Given data —
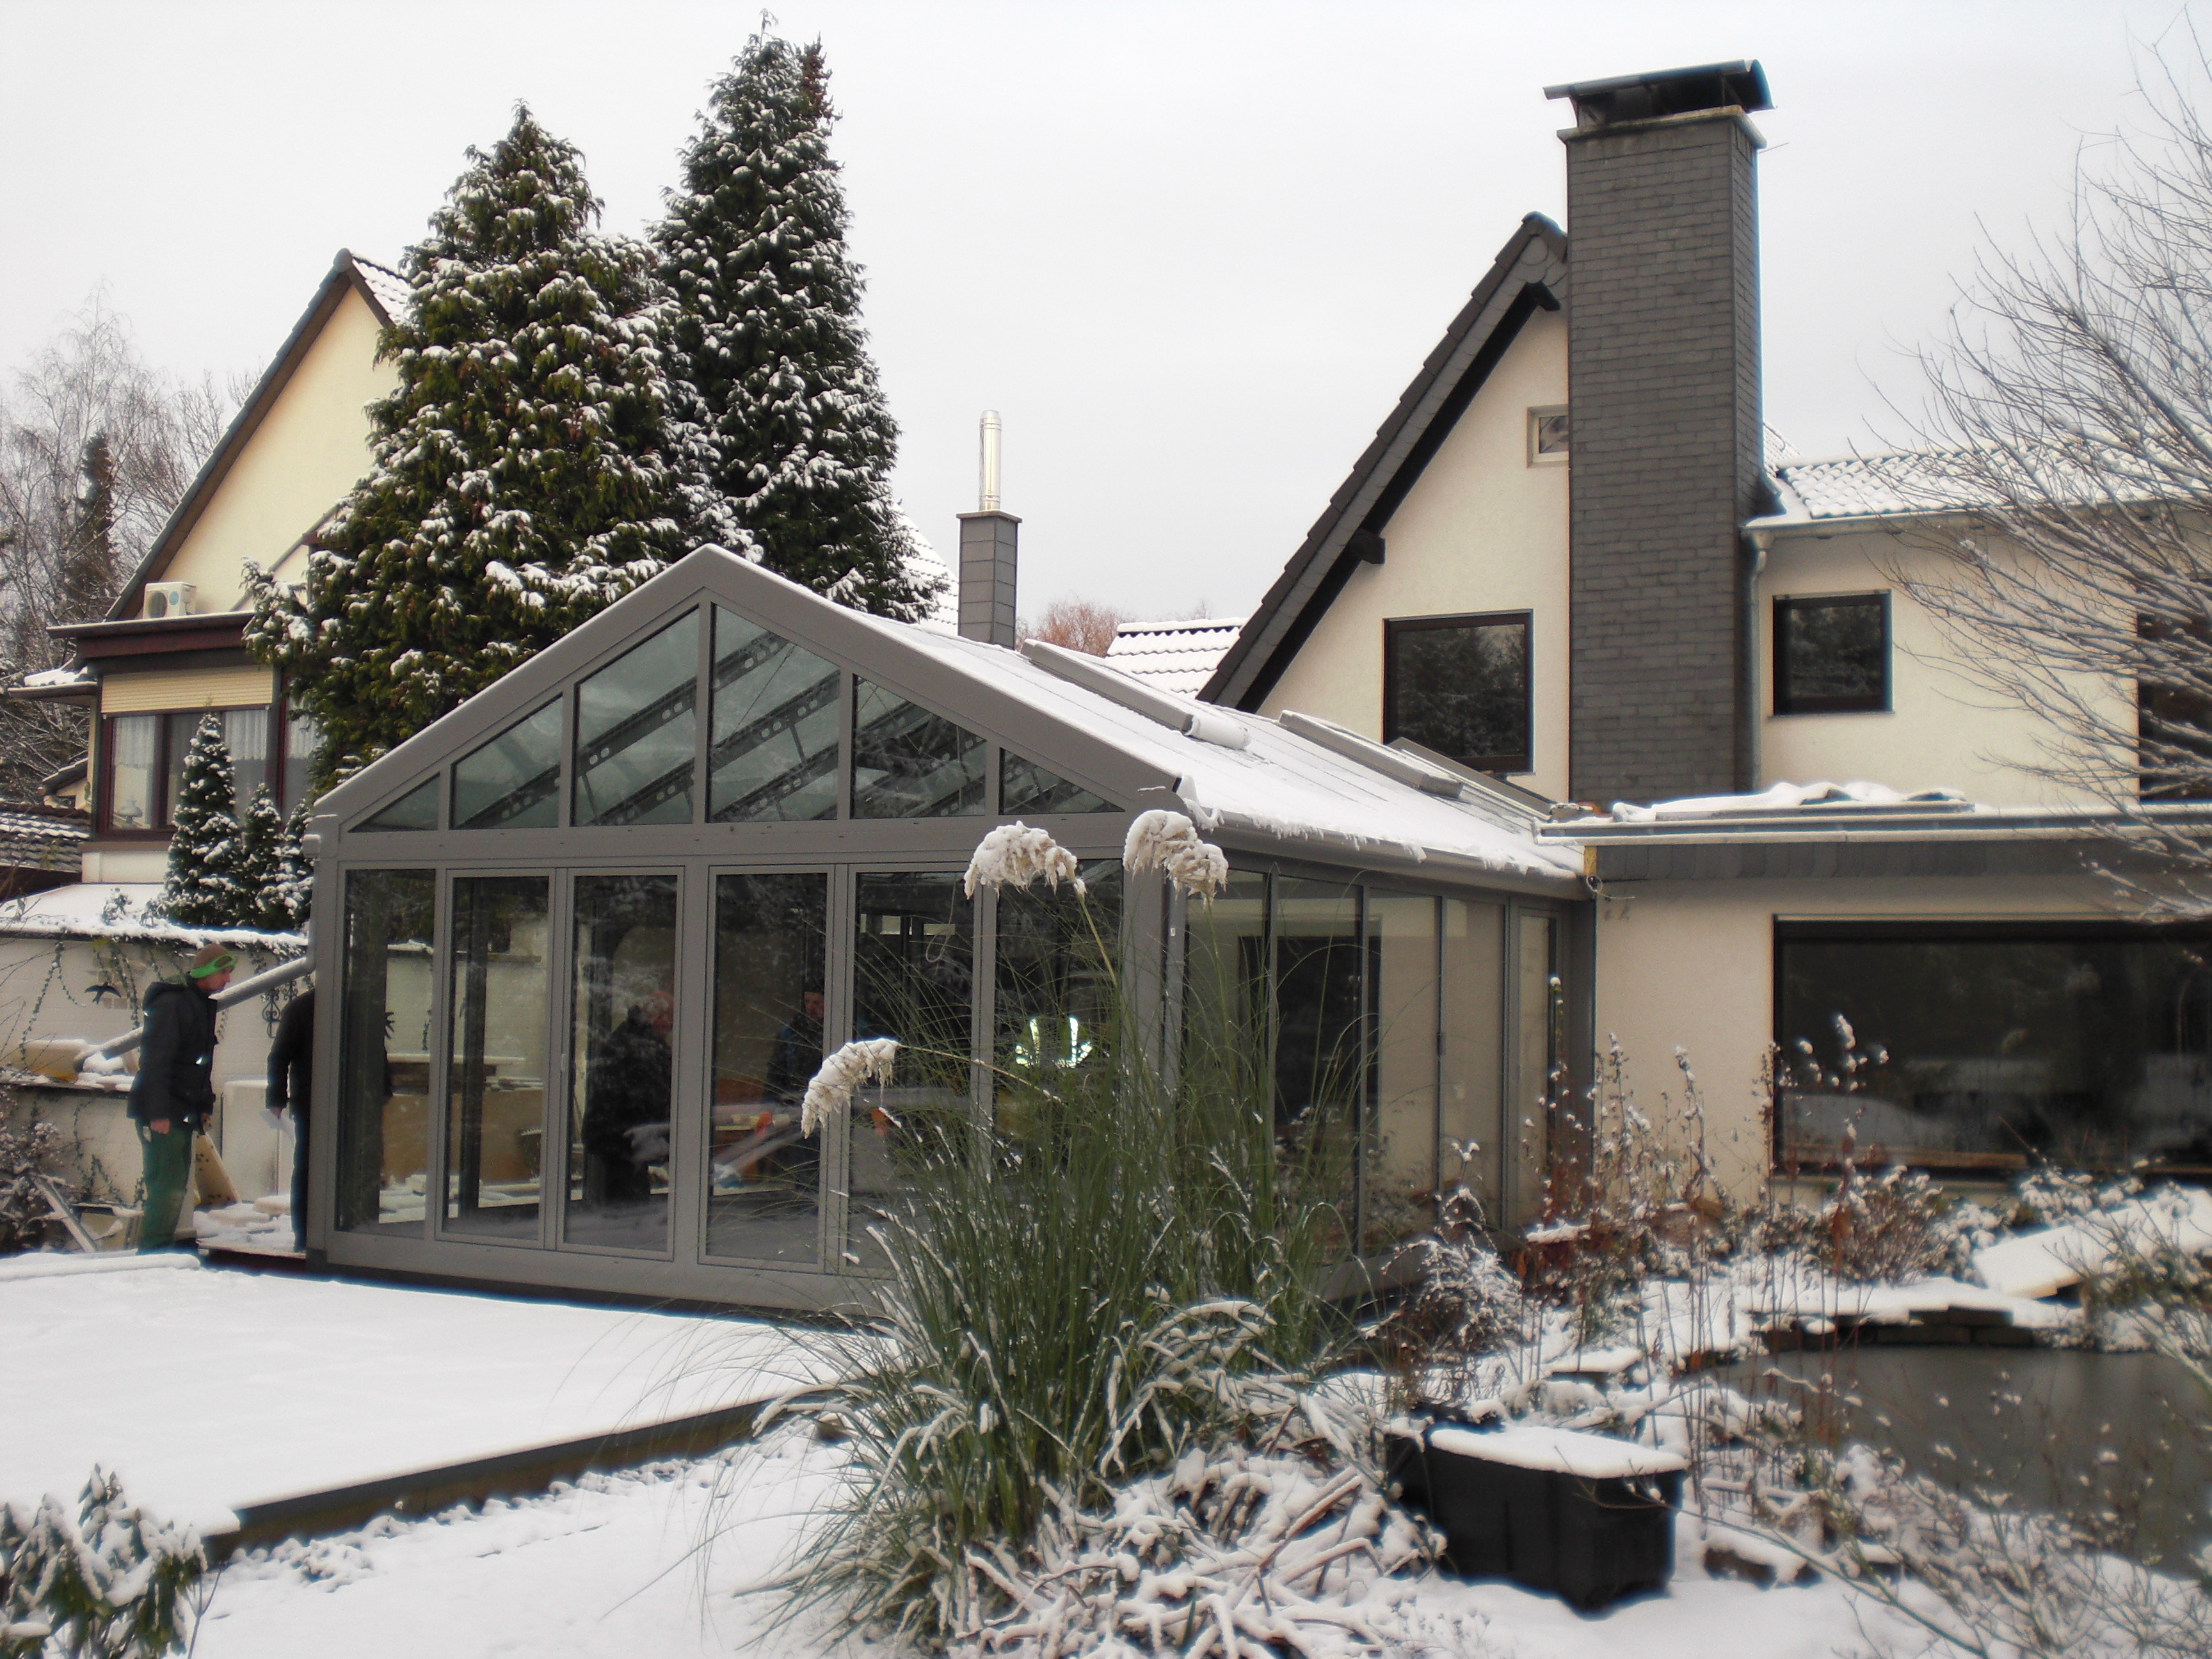 wintergarten fortuna wintgergarten
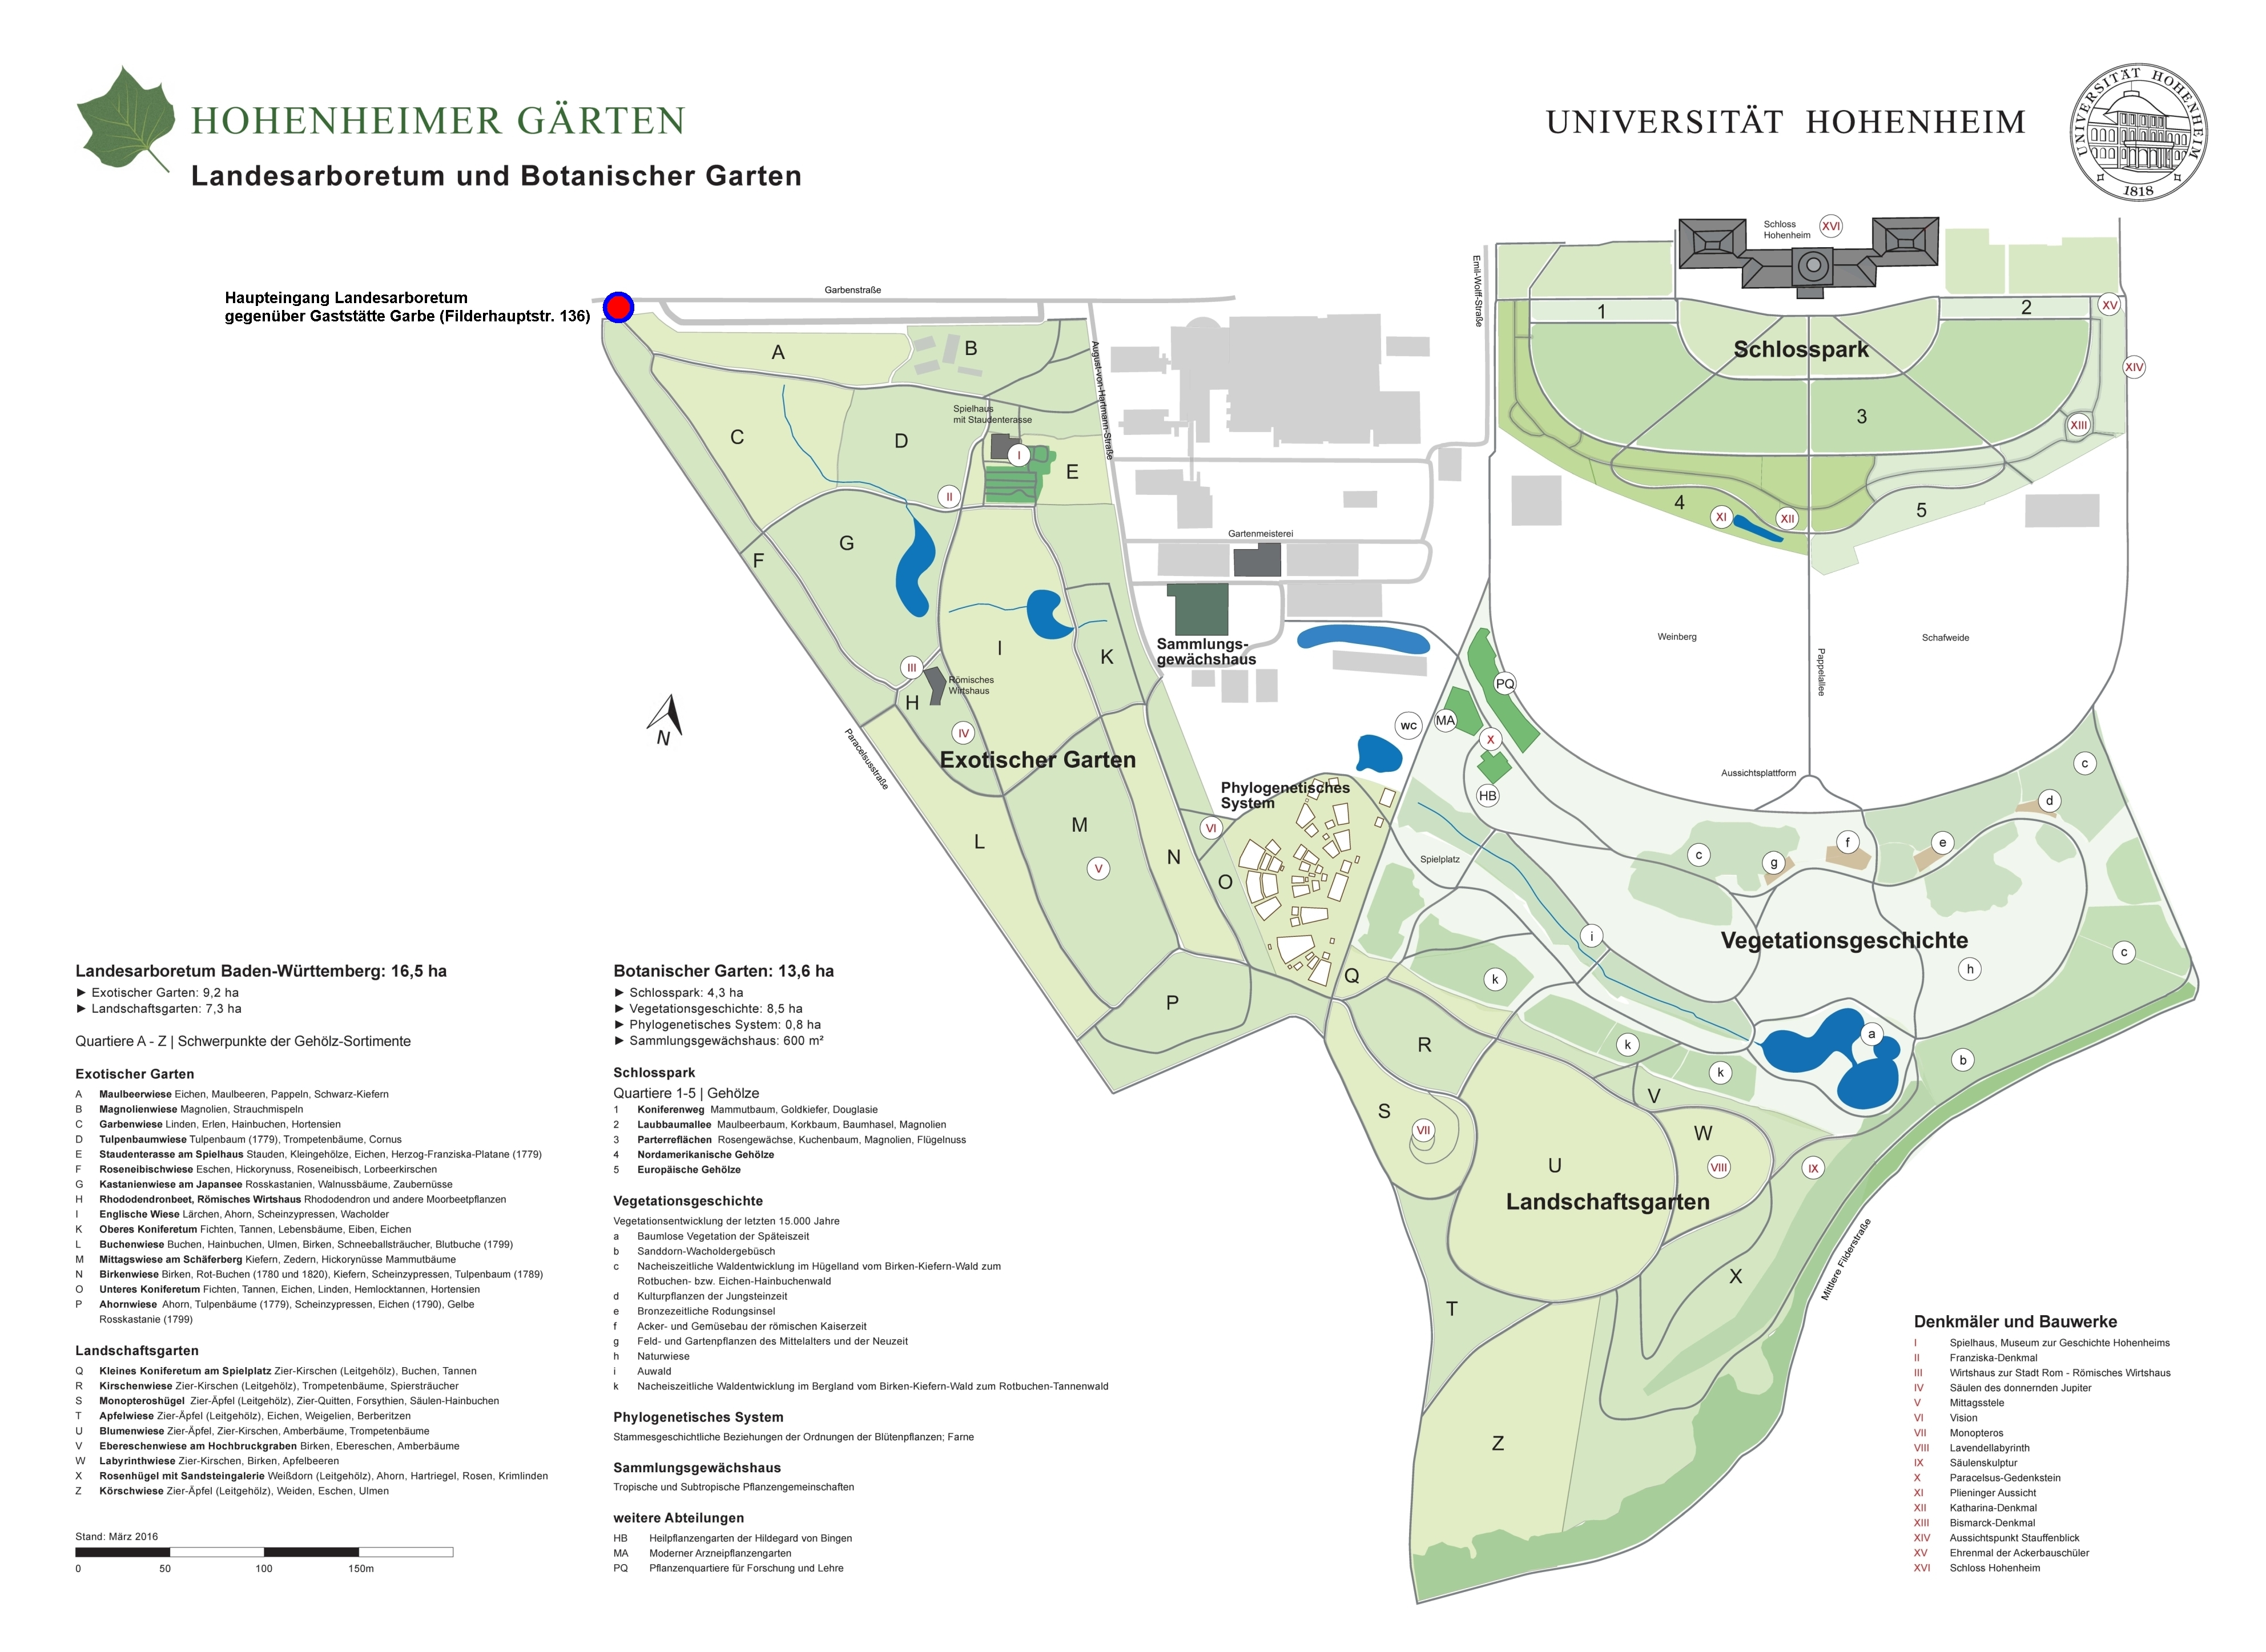 Gartenplan  Botanischer Garten: Hohenheimer Gärten
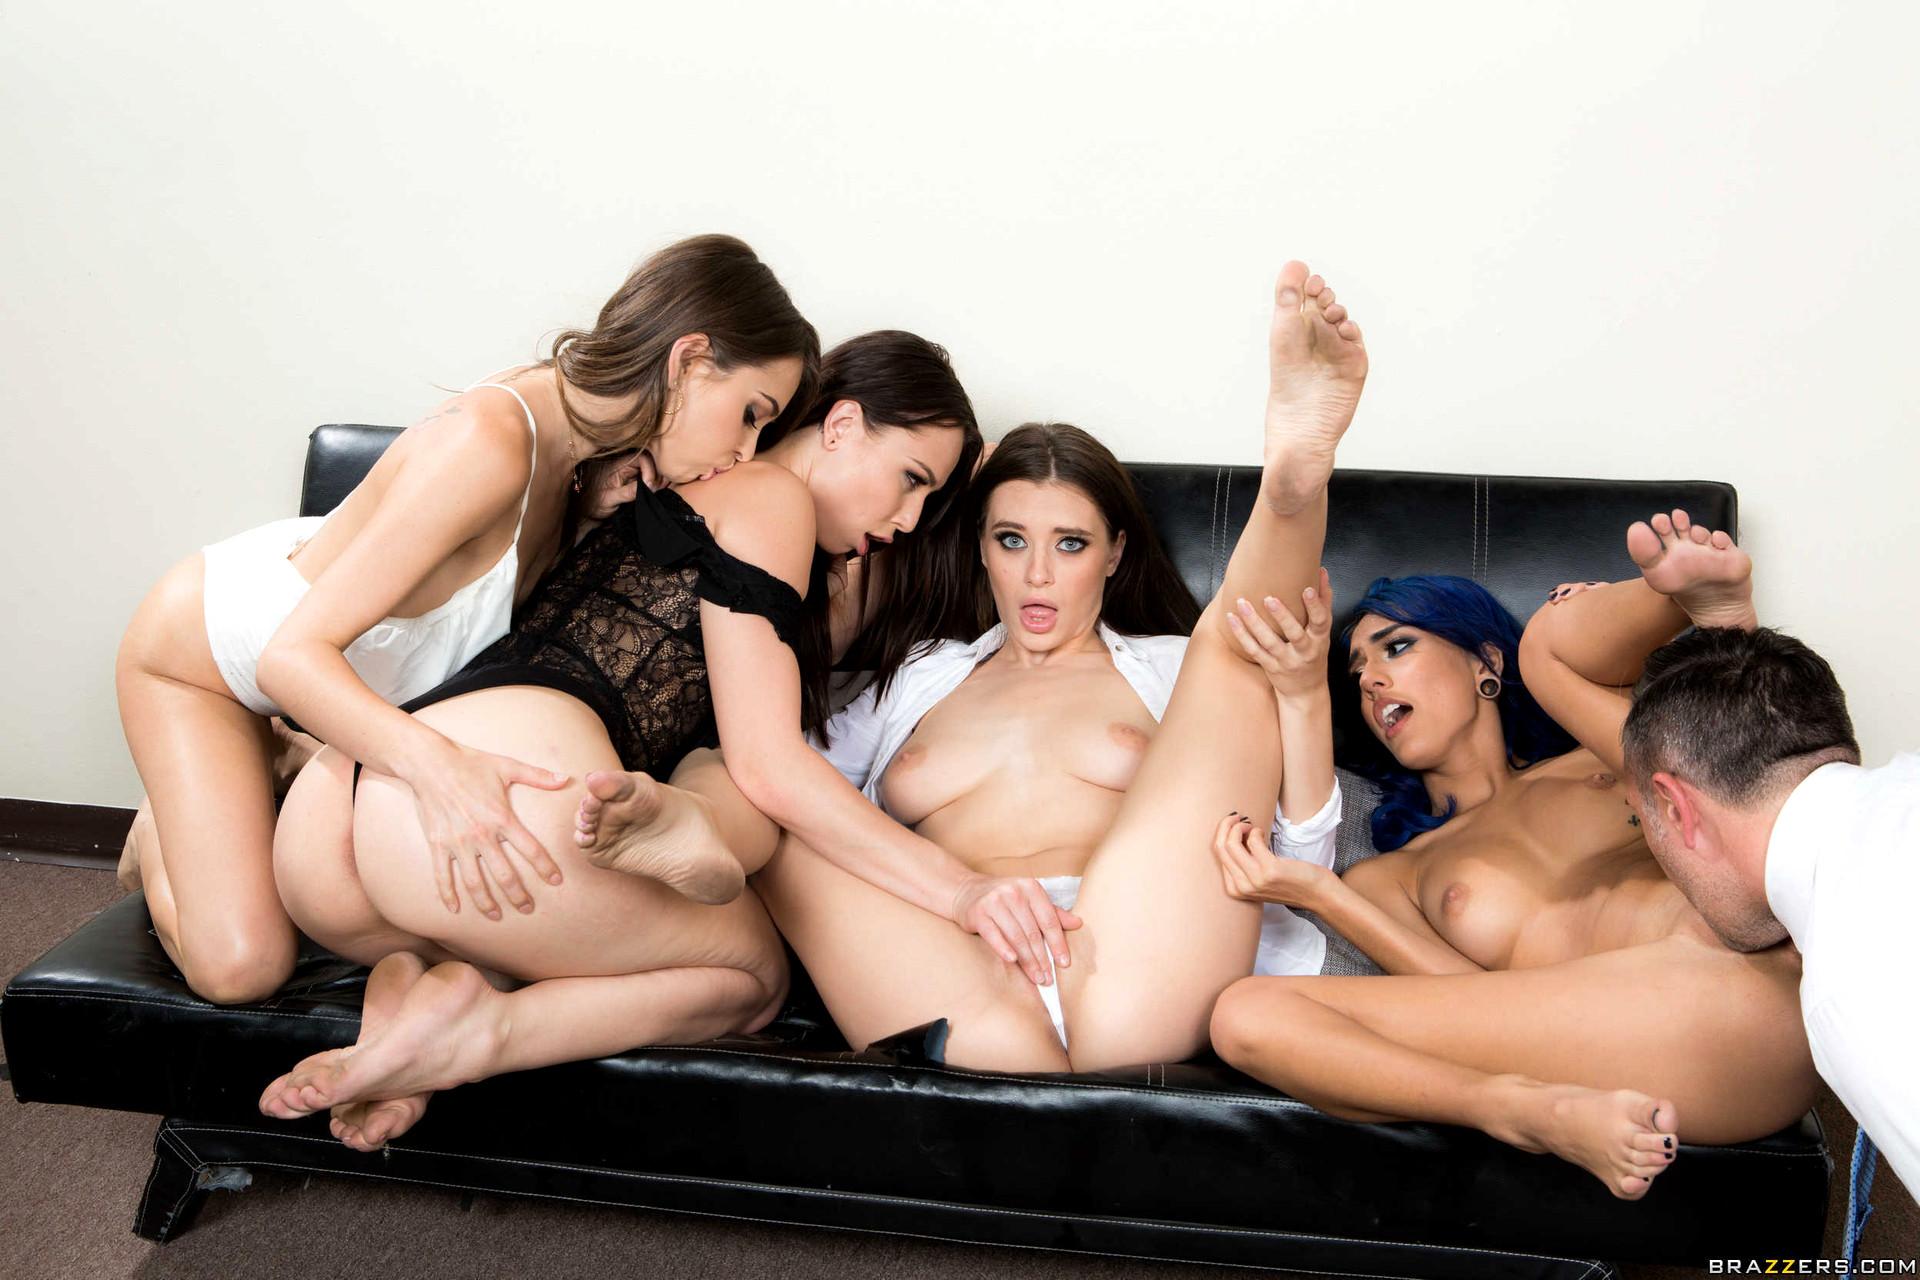 Free sex photos twistys kelly jessica twistys japanhdv dykes group orgy

Exercise directions — Retype the whole listing. Keep every word exact but include no pictures.

Result for this task —
 wintergarten fortuna wintgergarten
 Gartenplan  Botanischer Garten: Hohenheimer Gärten
 Free sex photos twistys kelly jessica twistys japanhdv dykes group orgy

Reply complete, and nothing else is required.